Para el día de hoy (04/07/14)
Evangelio según San Mateo 9, 9-13
La llamada de Cristo al seguimiento, al discipulado es bendición y es milagro, signada por el perfume eterno de la Gracia. No está condicionada por los méritos de quien es llamado, por los merecimientos acumulados, por su posición, su formación o su status social o religioso.
Es una asombrosa invitación a compartir su vida, y por ello el discipulado no es un voluntario. Las primacías son siempre de Dios, es el Señor quien se acerca, quien nos busca sin descanso, quien a pesar de la ristra gravosa de miserias que solemos acarrear insiste con tozudez amorosa de Padre para que nos pongamos en camino, para que abandonemos todo lo que nos ata a las tinieblas.
Más aún: a diferencia de Pedro y los otros -pescadores de oficio todos ellos- Mateo/Leví es un publicano, es decir, un judío reclutado por el opresor romano que ha de recaudar tributos para el César, y que habitualmente extorsiona al pueblo cobrando de más para enriquecerse de modo espúreo, amasando grandes fortunas. Por ser visto como un traidor y por los abusos de explotación que comete, un publicano tiene, para sus paisanos, la misma estatura moral de los criminales y las prostitutas. Es alguien que jamás será bien recibido en ninguna casa de Israel, excepto en la de sus pares.

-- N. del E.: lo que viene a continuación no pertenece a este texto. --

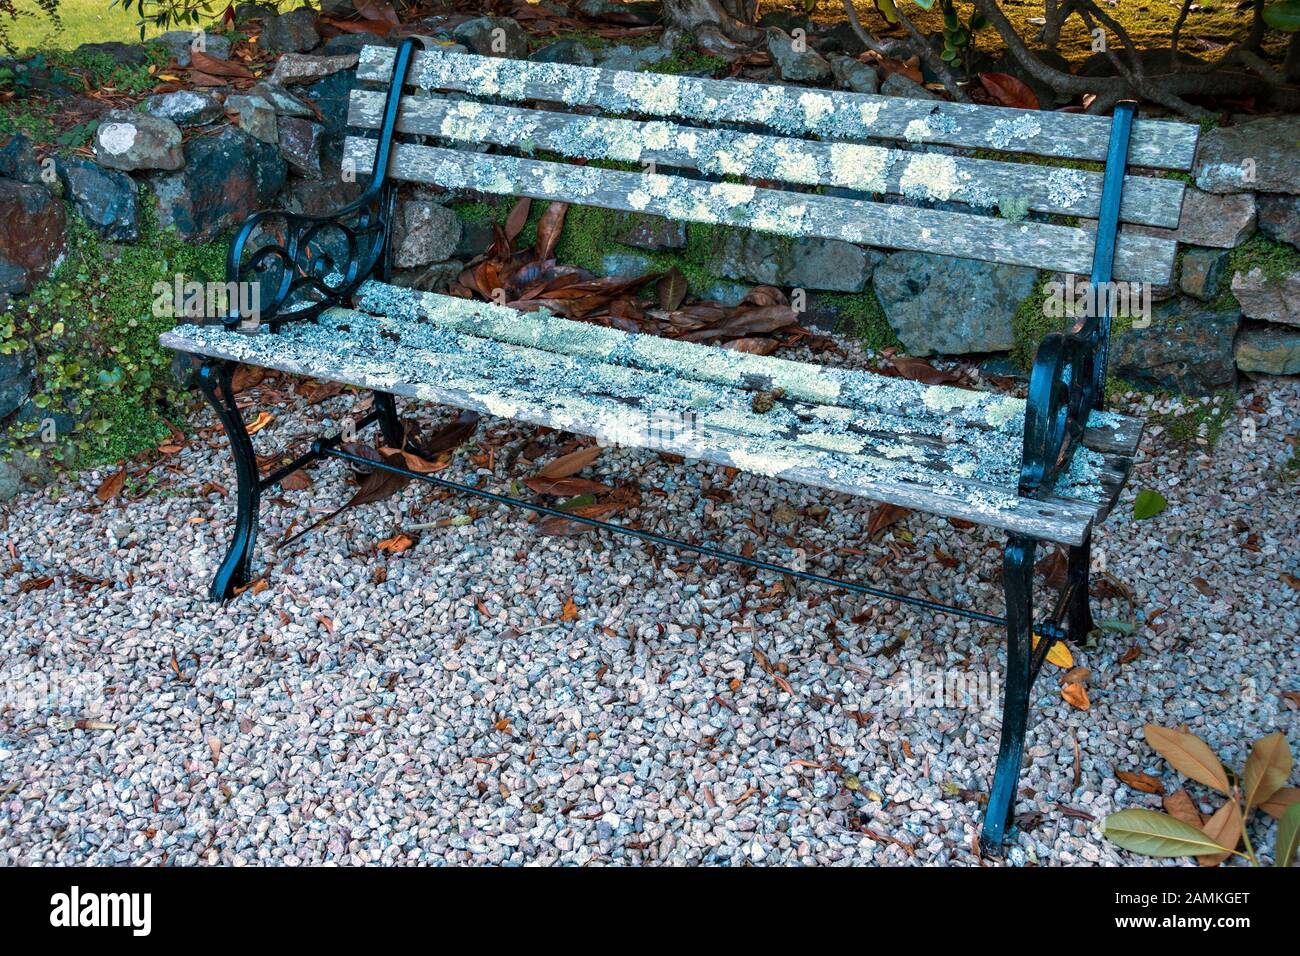 Panchina da giardino sedile con nero metallo verniciato supporti di estremità e di assicelle di legno che sono ricoperte da licheni permanente sulla ghiaia, Cornwall, Regno Unito Foto Stock

Con todo y a pesar de todo, Cristo rompe esa tradición establecida. La Gracia desborda cualquier razonabilidad, y destella el insondable amor de Dios que nos busca sin fijarse en el pasado, sino germinando un presente nuevo y pleno, y soñando todo lo que podemos llegar a ser.
El convite al discipulado, a una vida nueva y re-creada desata las alegrías perdidas, y es ocasión de festejo que no debe pasarse jamás por alto. Pero en el caso de Mateo, por los motivos que antes señalábamos, será un banquete acotado a otros hombres similares a él mismo, publicanos, pecadores públicos. Y el Maestro está allí, y también celebra: una vida recuperada vale más que todo el universo.
Sin embargo, un vendaval de críticas se desata, y es que Jesús de Nazareth -efectivamente- se contamina al compartir la mesa con esos hombres. Porque mesa compartida implica ratificación cordial de la existencia, y para esos hombres severos y criticones una comida con publicanos es intolerables, aún cuando ellos conocen bien el mandato de la Ley de Moisés acerca de la hospitalidad.
Es una dolorosa paradoja. Los hombres férreamente religiosos rechazan a Cristo, mientras que los que estaban perdidos y destacaban por sus máculas evidentes, ellos sí lo honran y celebran de veras.
En ese banquete se decide mucho más que un sabroso menú degustado. Allí se resuelve con carácter trascendente la otra hospitalidad, que es recibir en la casa/existencia la presencia del Redentor, y así, descubriéndolo vivo y presente, a nuestro lado, toda la vida se vuelve una acción de Gracias por tanto siendo tan poco, tan pequeños, todo alegría, pura Gracia.